Mengabaikan emosi tidak hanya membuat suasana hati terganggu, tetapi juga dapat mengganggu aspek kehidupan lainnya. Perasaan yang secara terus menerus dipendam akan berakibat pada penumpukan emosi yang berakhir pada stres berkepanjangan. Namun pada kenyataannya, banyak orang dari profesi kita tidak memahami hal tersebut, bahkan beberapa dari mereka telah terbiasa hidup dengan perasaan yang tidak mampu mereka kendalikan sendiri.
Pada dasarnya emosi adalah sesuatu yang harus kita terima, bukan kita tolak atau kita hindari, yang seharusnya kita lakukan adalah meregulasi emosi. Caranya dengan menemukan alat untuk memproses emosi tanpa harus tenggelam dalam perasaan yang kita rasakan. Meregulasi emosi berkaitan dengan kemampuan kita dalam mengatur emosi diri. Tergantung bagaimana cara kita mengurangi atau bahkan menaikkan intensitas emosi sesuai dengan kebutuhan kita masing-masing.
Memberi Label Emosi Kita Secara Akurat
Dalam meregulasi emosi, kita harus mampu memahami perasaan yang kita rasakan terlebih dahulu. Untuk mulai mengetahui emosi secara akurat, kita bisa menggunakan teori Roda Emosi dari Robert Pluthick.
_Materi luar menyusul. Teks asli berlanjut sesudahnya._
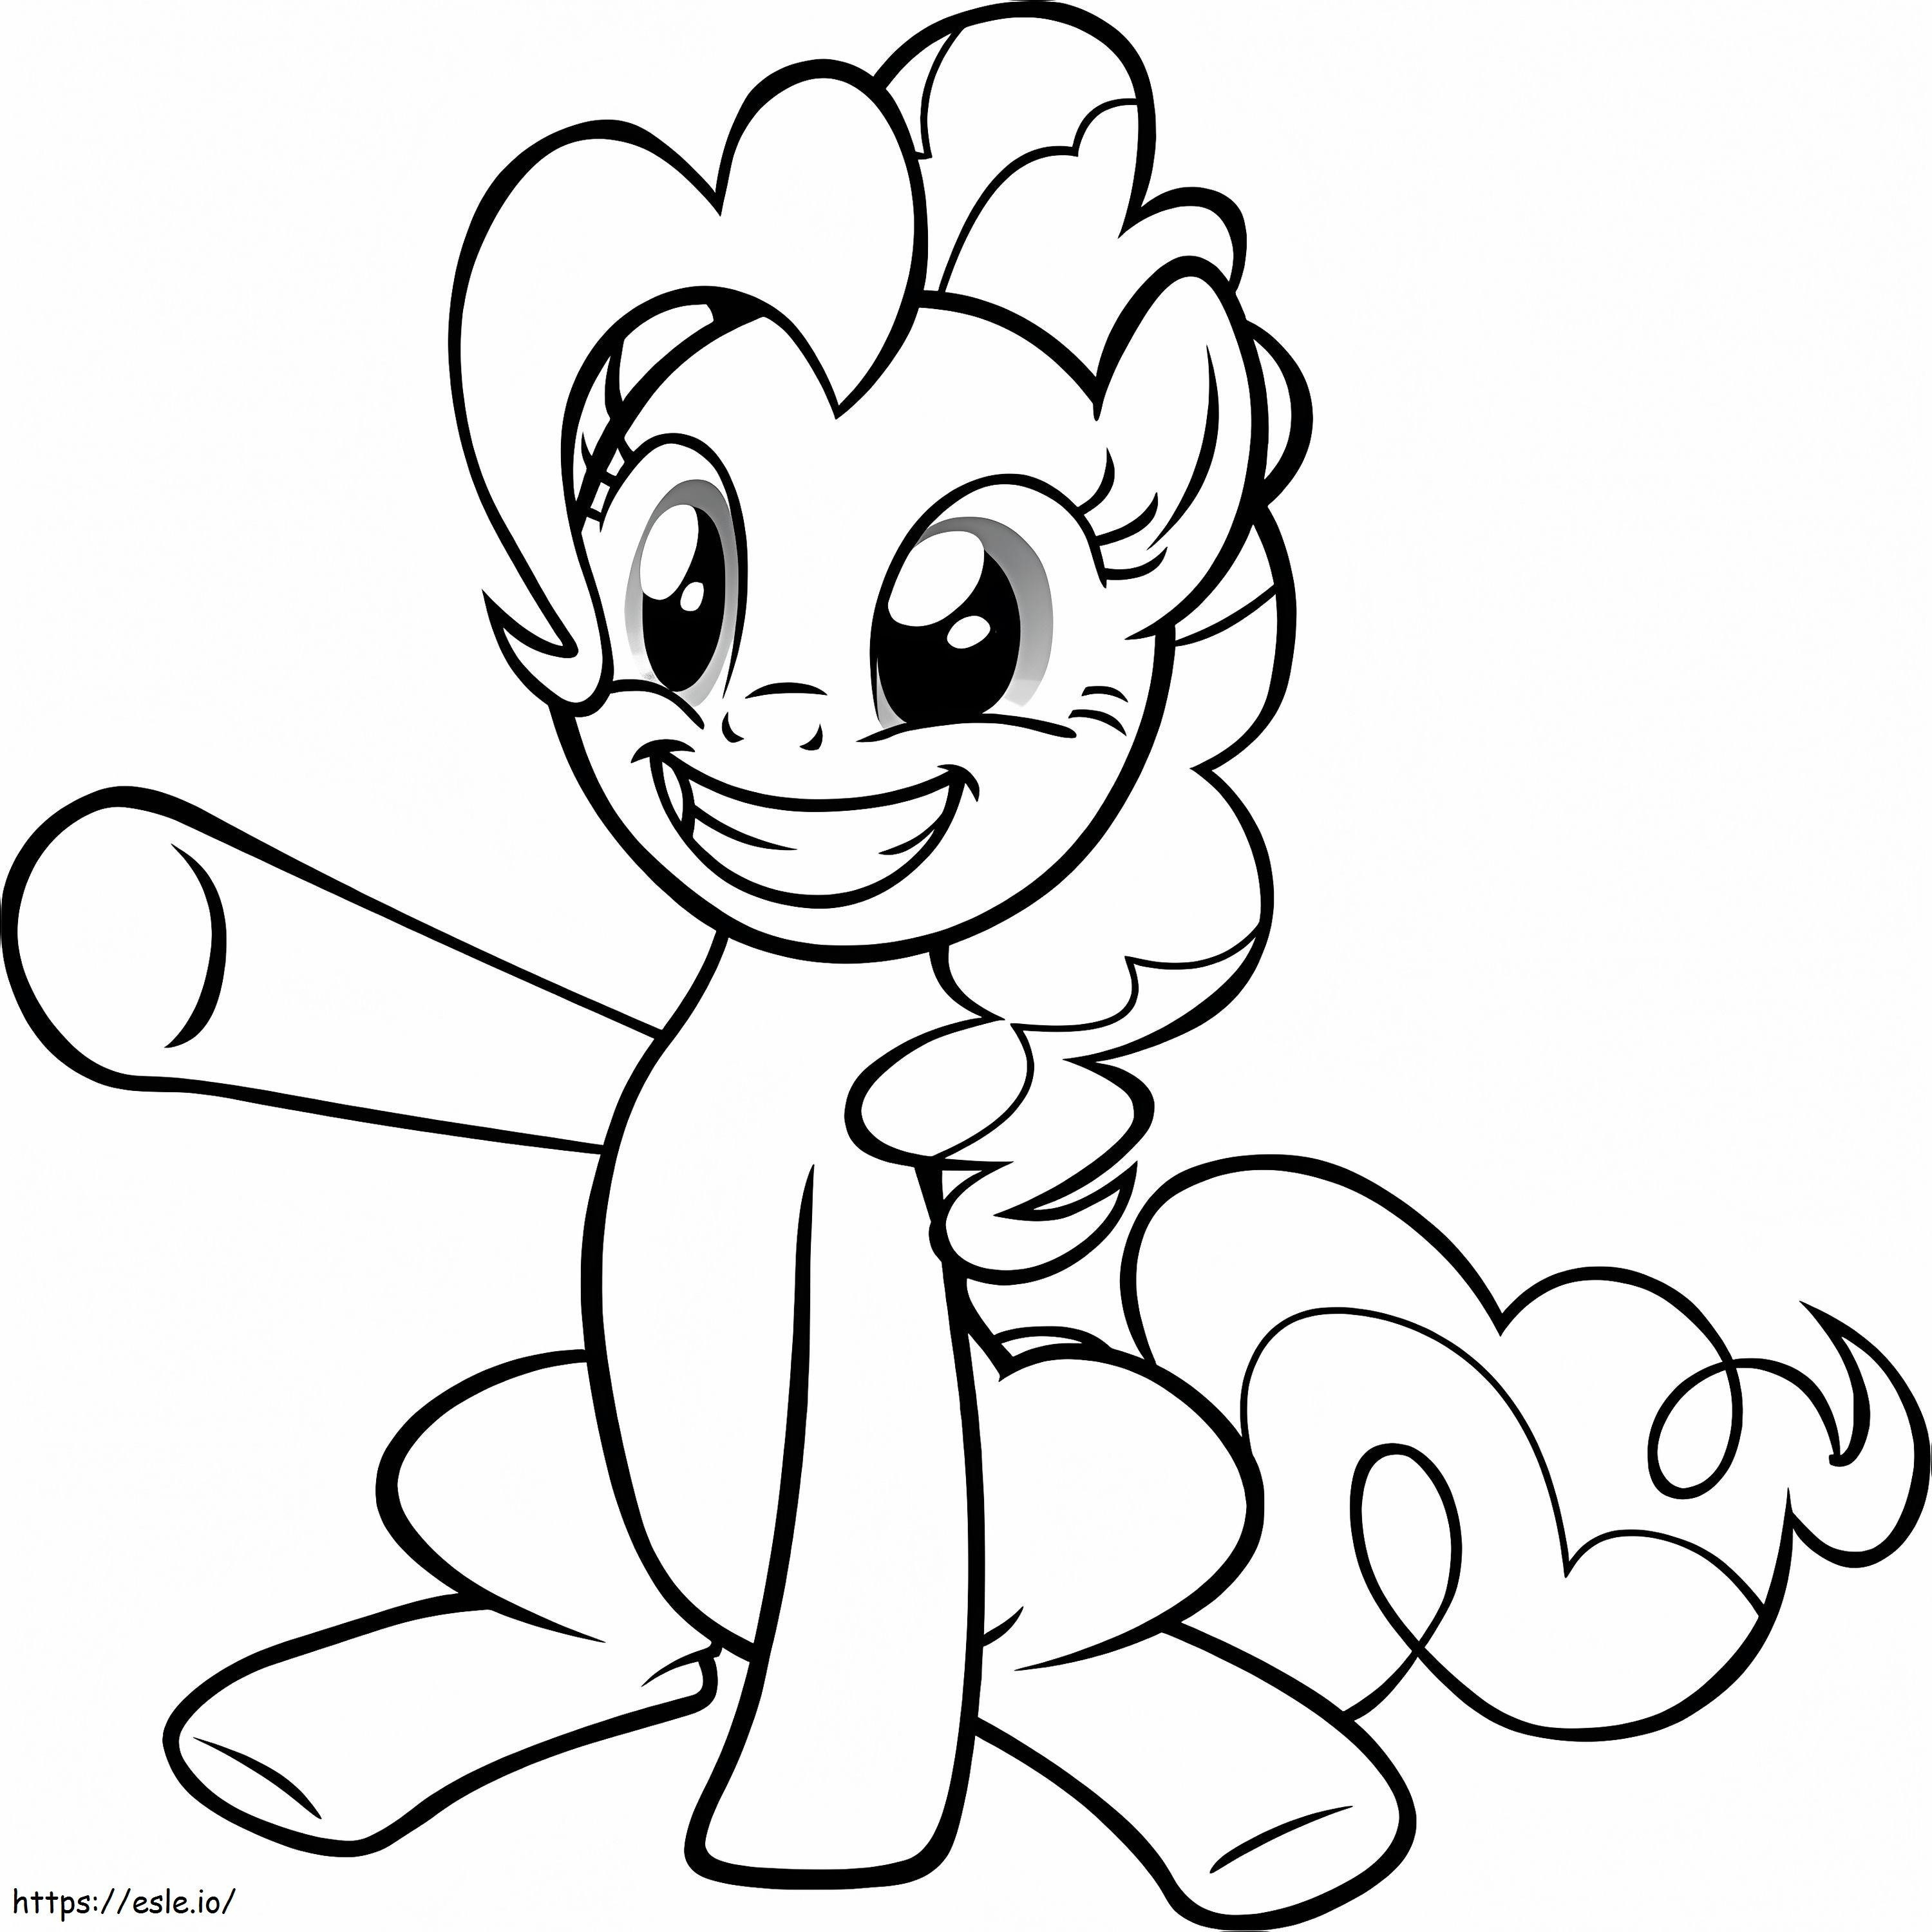 Funny Pinkie Pie coloring page
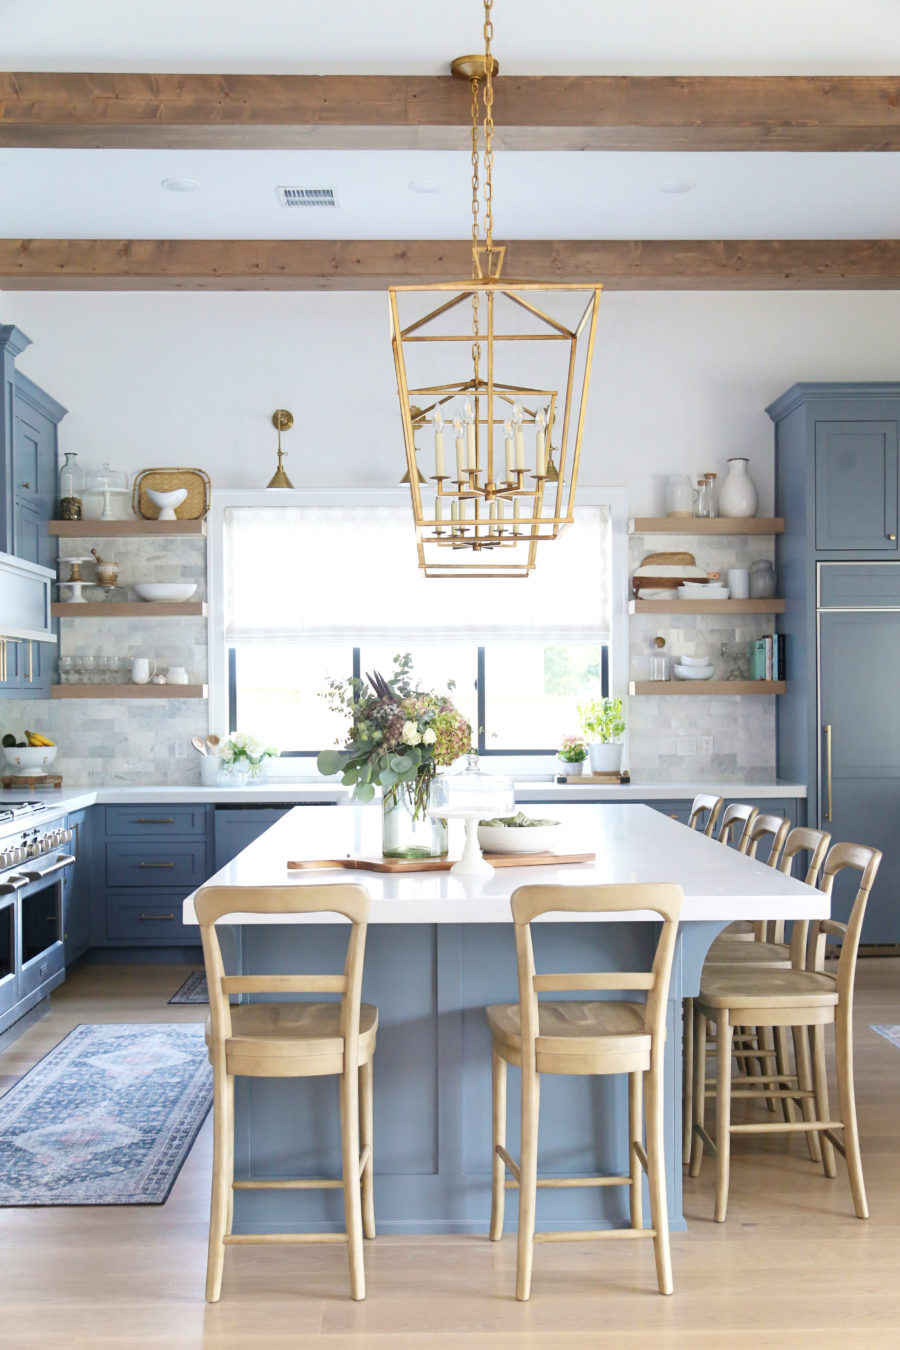 Muted blue kitchen cabinets

Dalam teori Roda Emosi, Pluthick menyederhanakan emosi dengan mengkategorikannya dalam delapan kategori utama yang terdiri dari: kegembiraan (joy), penerimaan (acceptance), ketakutan (fear), keterkejutan (surprise), kesedihan (sadness), kemuakan (disgust), kemarahan (anger), antisipasi (anticipation). Dengan memahami emosi sesuai dengan kategori tersebut, kita akan lebih mudah dalam memahami emosi yang kita rasakan.
Seiring berjalannya waktu, kita dapat mengenali bahwa emosi lain yang mungkin terjadi setiap hari adalah campuran dari delapan emosi dasar tersebut. Pemahaman ini juga dapat membantu kita mengidentifikasi pemicu emosional yang mungkin terjadi. Hal ini juga diperlukan sebagai perencanaan untuk kita dapat memberi respon yang positif jika kita telah memahami perasaan masing-masing.
Empat Langkah Meregulasi Emosi
Kita dapat mulai mencoba meregulasi emosi dengan menggunakan empat langkah berikut
Langkah 1 situasi (situation): Jelaskan situasi atau peristiwa yang memicu emosi misal sebuah kritikan atau situasi tertentu. Dengan memahami peristiwa pemicu emosi, kita akan lebih mudah menerima situasi yang terjadi.
Langkah 2 perhatian (attention): Pada tahap ini, kita memberikan perhatian terhadap situasi yang kita rasakan. Dengan memberi perhatian pada situasi yang terjadi, kita dapat mengkategorikan emosi yang kita rasakan sesuai delapan kategori emosi menurut Pluthick. Dengan hal ini kita akan menerima situasi yang kita alami.
Langkah 3 penilaian (appraisal): Pada tahap ini, kita memberi penilaian atas emosi yang dirasakan. Apakah termasuk dalam emosi negatif atau emosi positif
Langkah 4 tanggapan (response): Berikan respn atau tanggapan atas emosi yang dirasakan. Dengan hal ini kita dapat mengontrol respon atas emosi yang kita rasakan.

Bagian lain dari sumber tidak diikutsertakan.